Data excerpt
━━━━━━━━━━━━━━━━━━━━

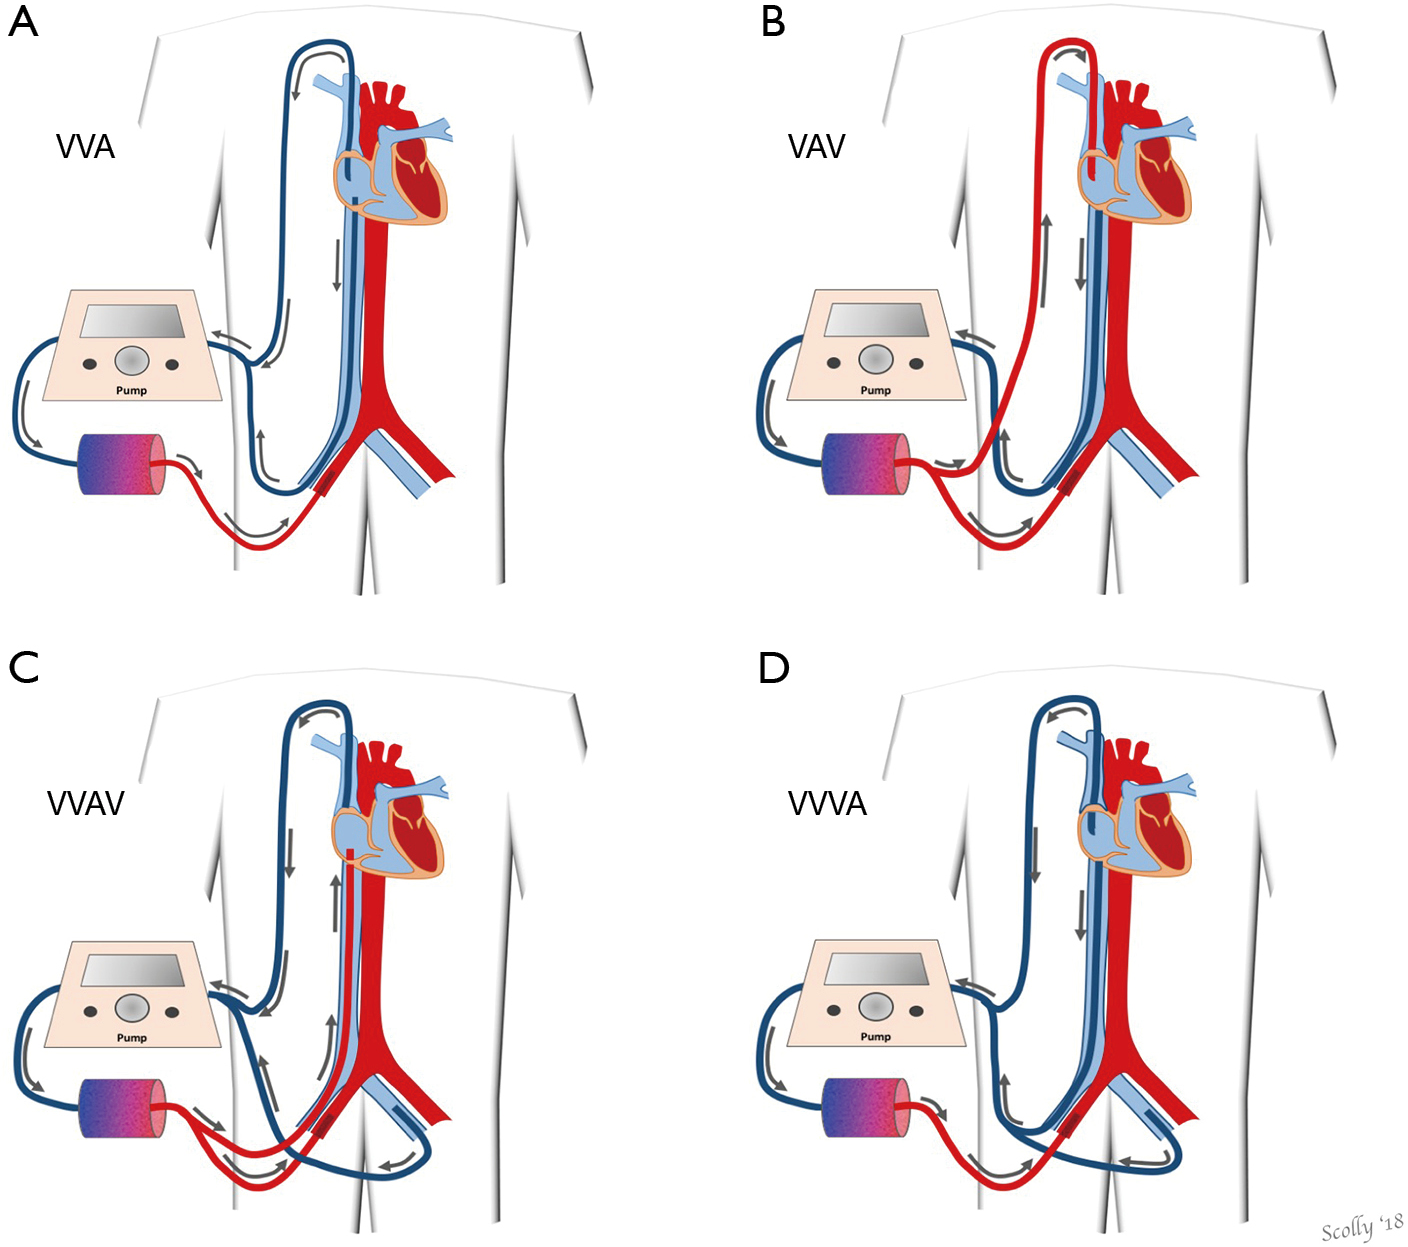 Hybrid extracorporeal membrane oxygenation - Brasseur - Journal of Thoracic Disease
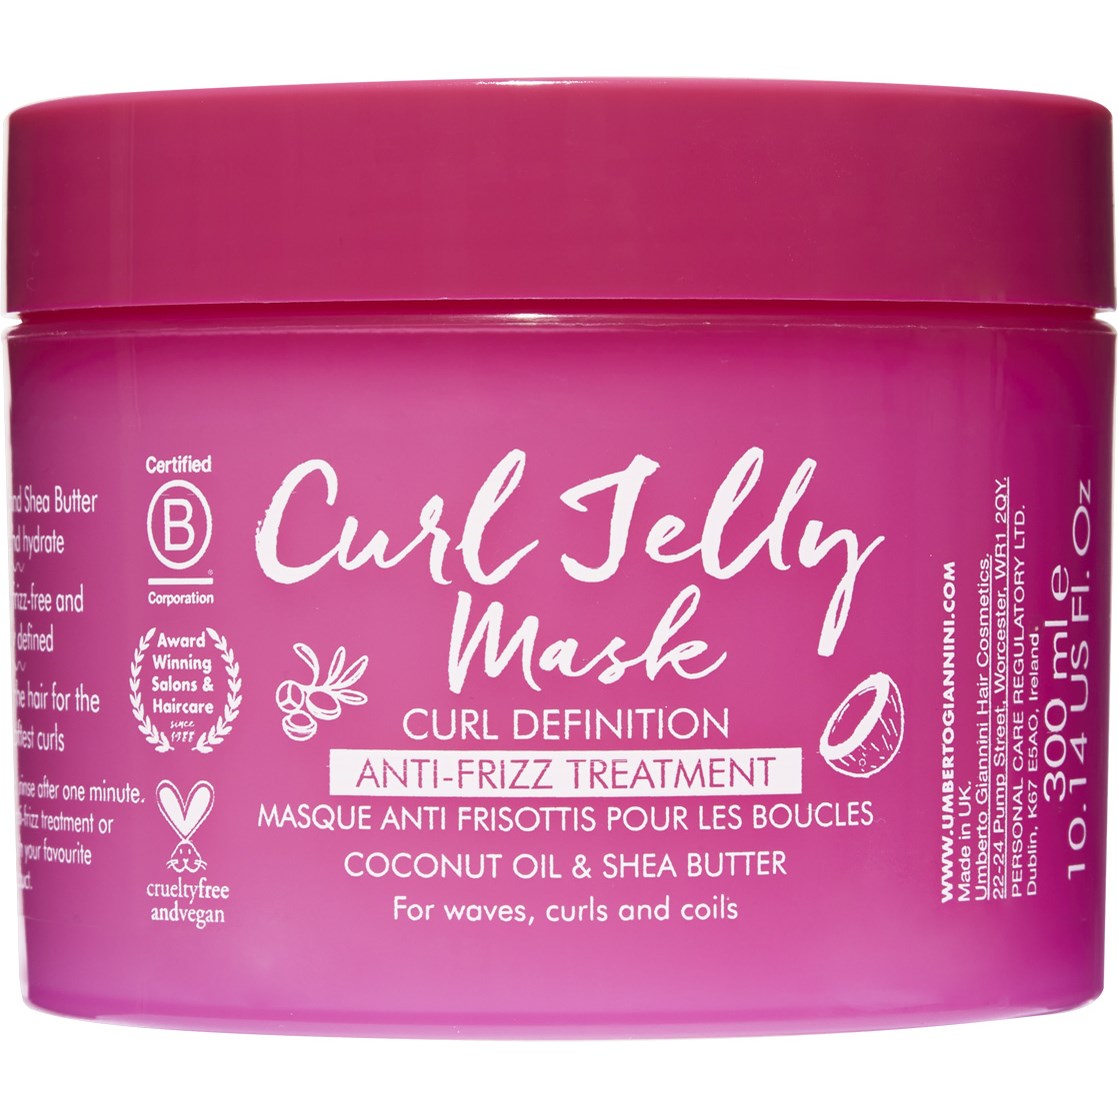 Umberto Giannini Curl Jelly Curl Jelly Mask 300 ml
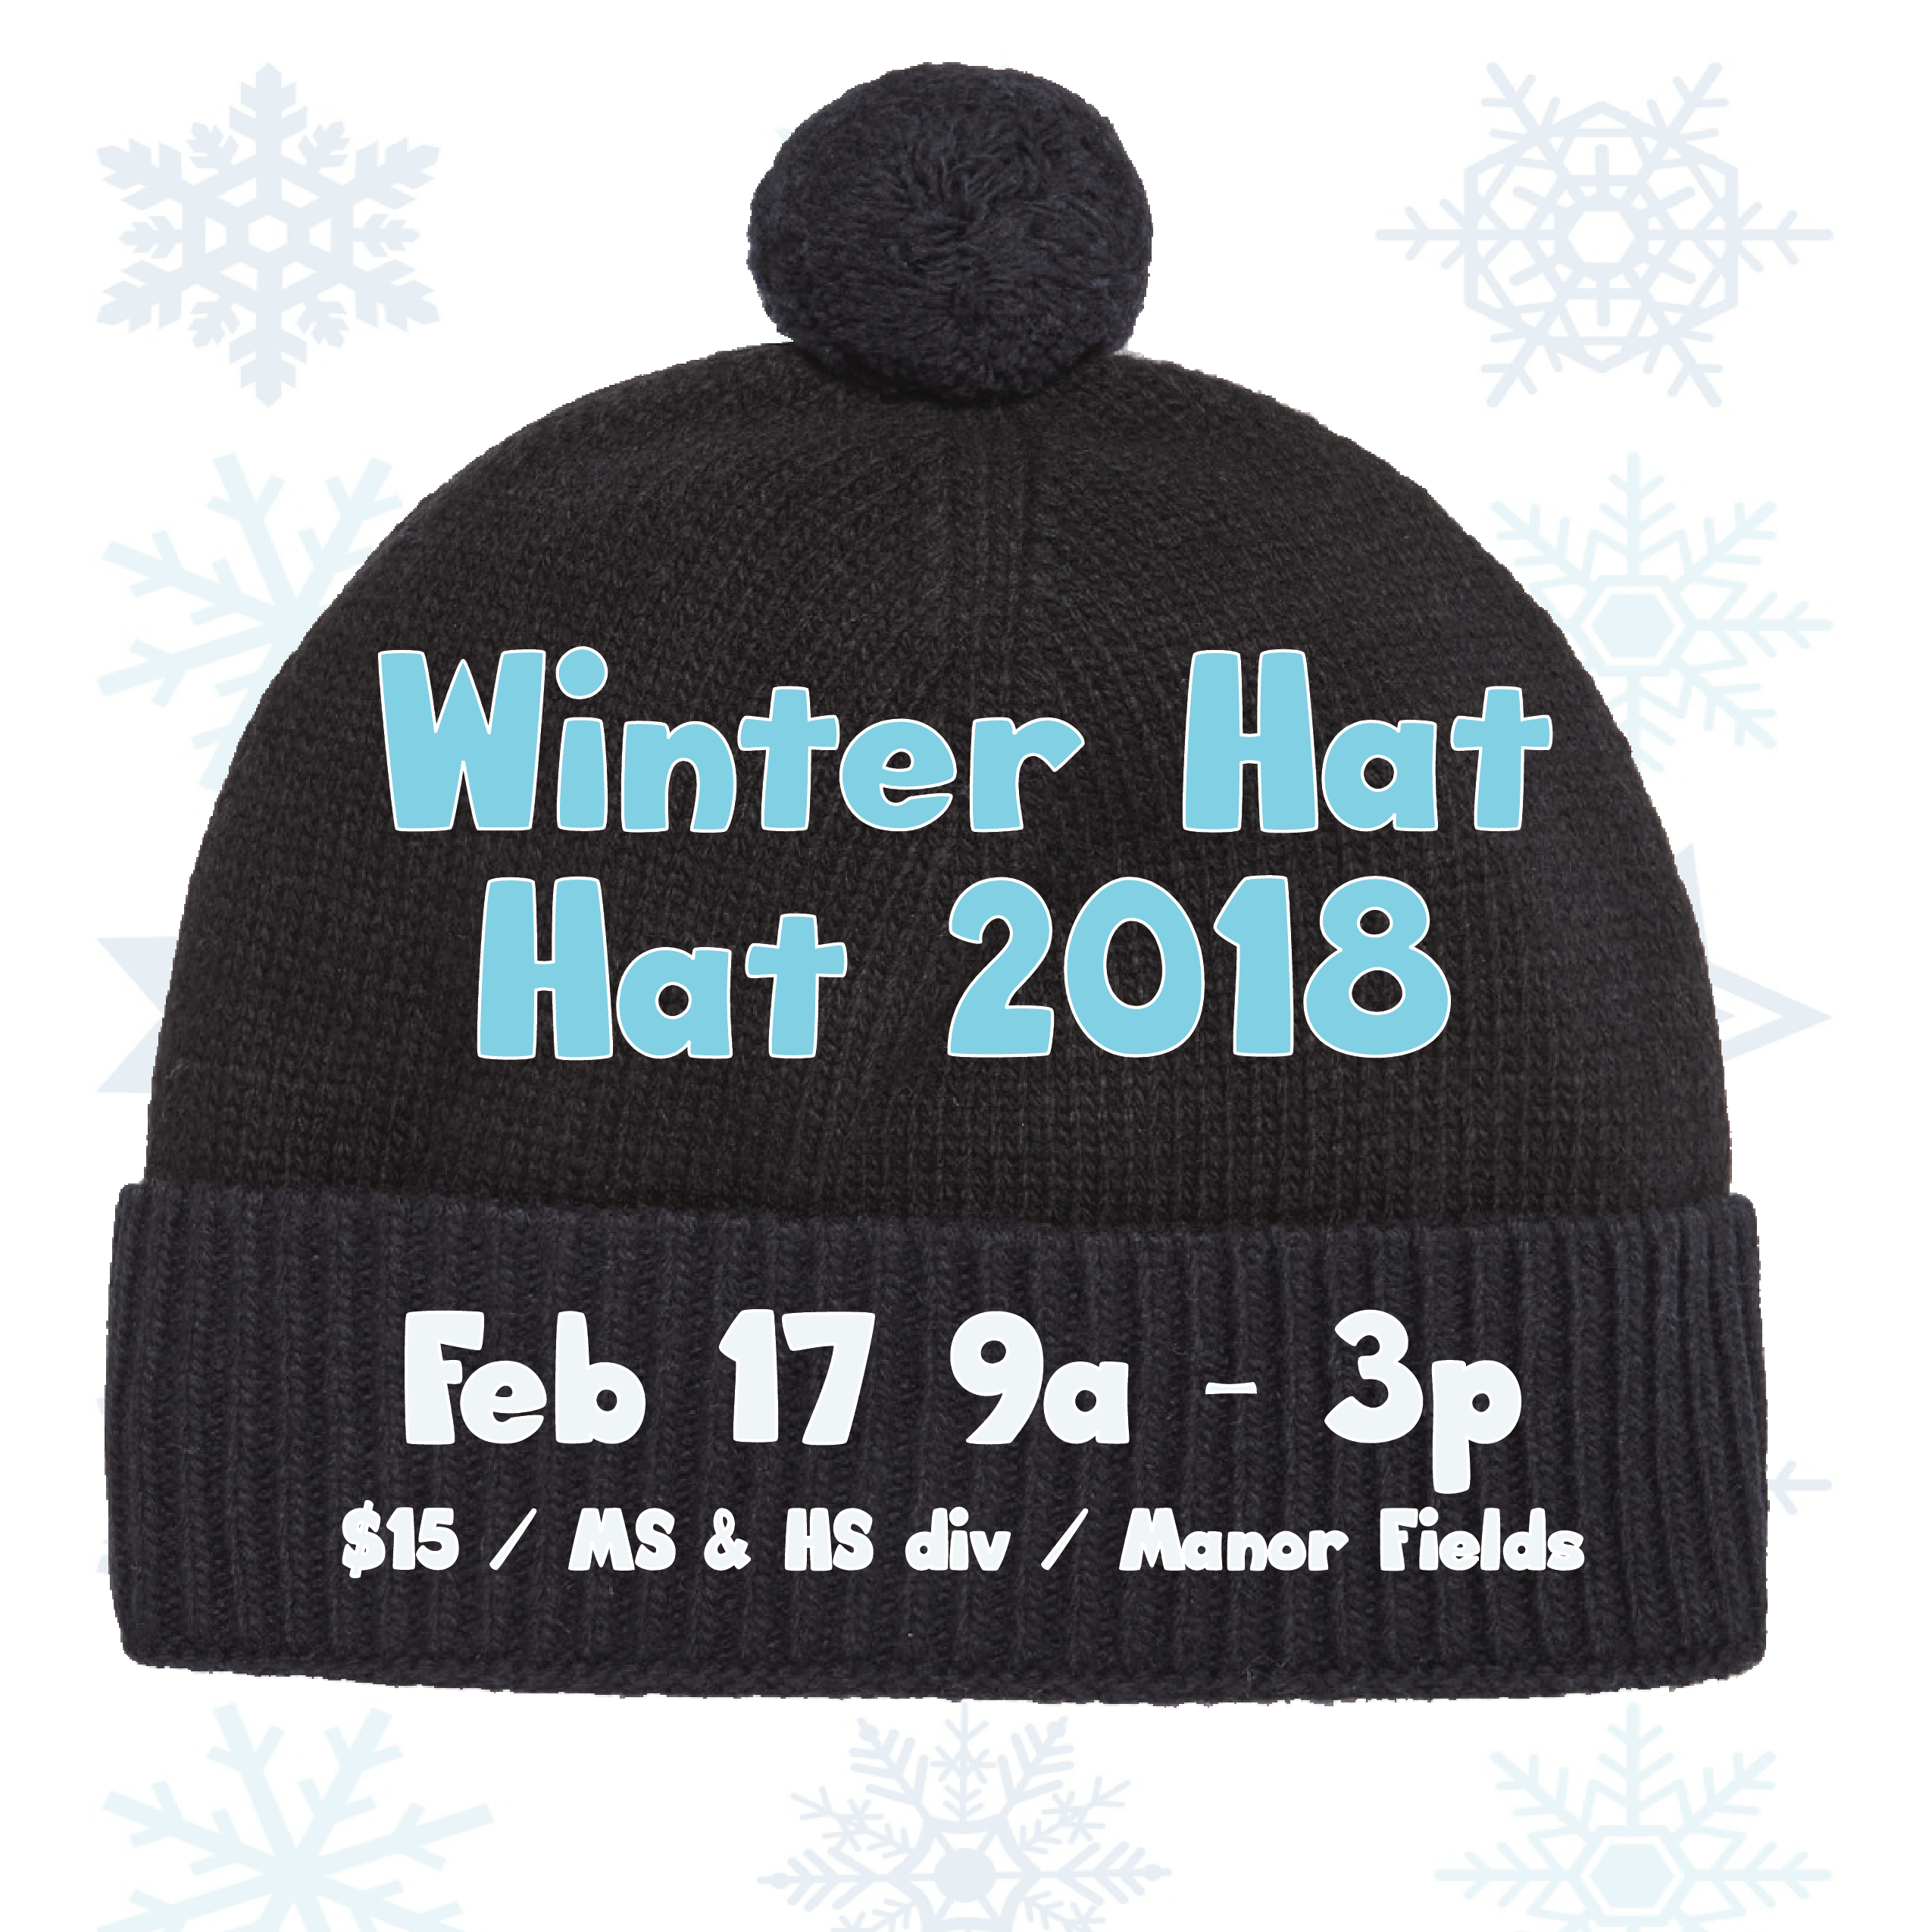 clothing clipart knitted hat
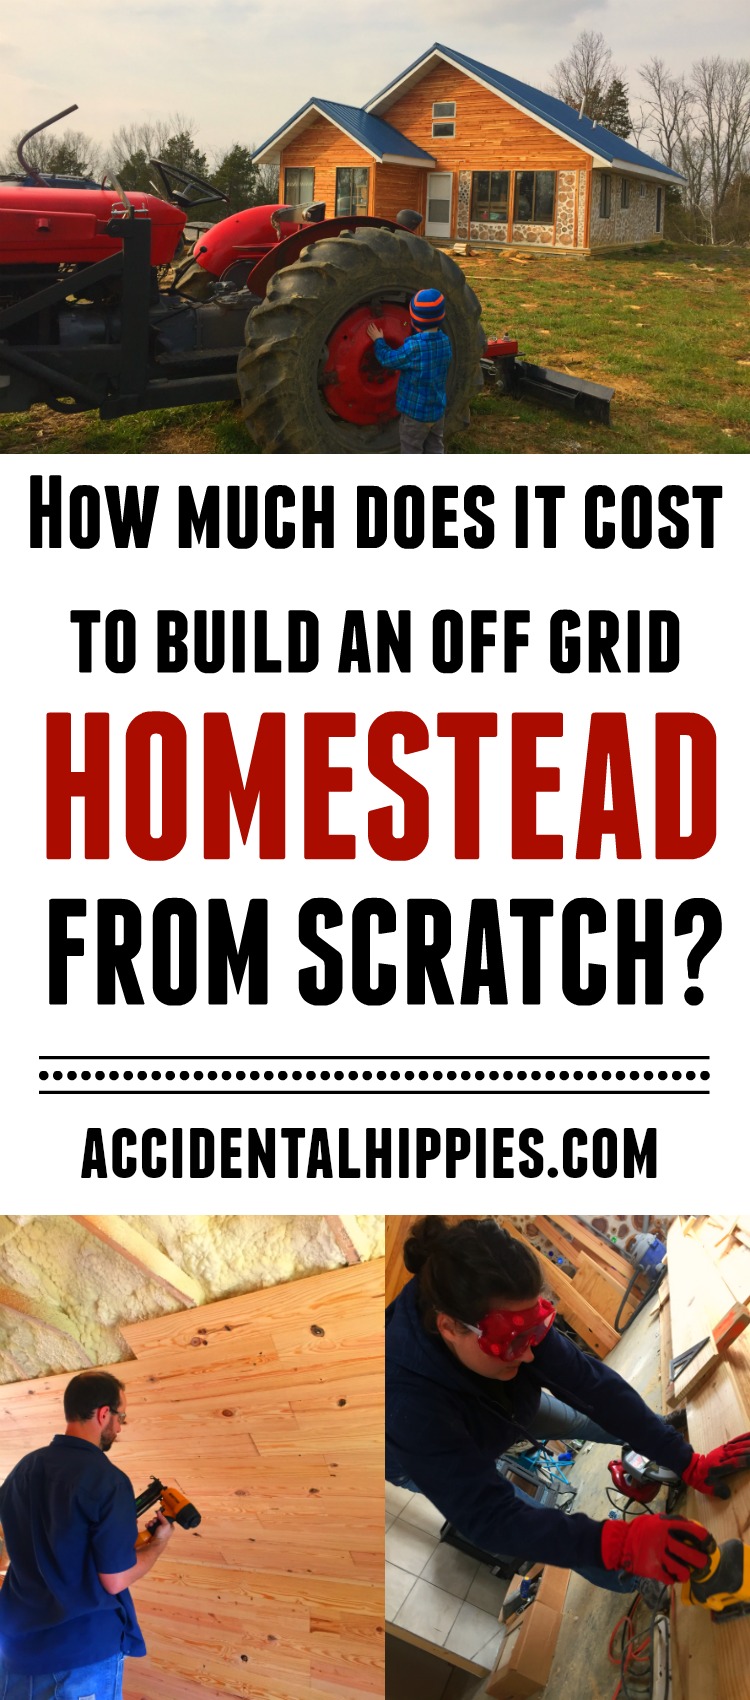 Get a better idea of what it really costs to build a homestead from scratch. Check out our cordwood house and learn the true cost to build from start to finish.

━━━━━━━━━━━━━━━━━━━━

What is needed
Word for word, return the material above, but drop the pictures.

Task result
 Hybrid extracorporeal membrane oxygenation - Brasseur - Journal of Thoracic Disease
 Umberto Giannini Curl Jelly Curl Jelly Mask 300 ml
 clothing clipart knitted hat
 Get a better idea of what it really costs to build a homestead from scratch. Check out our cordwood house and learn the true cost to build from start to finish.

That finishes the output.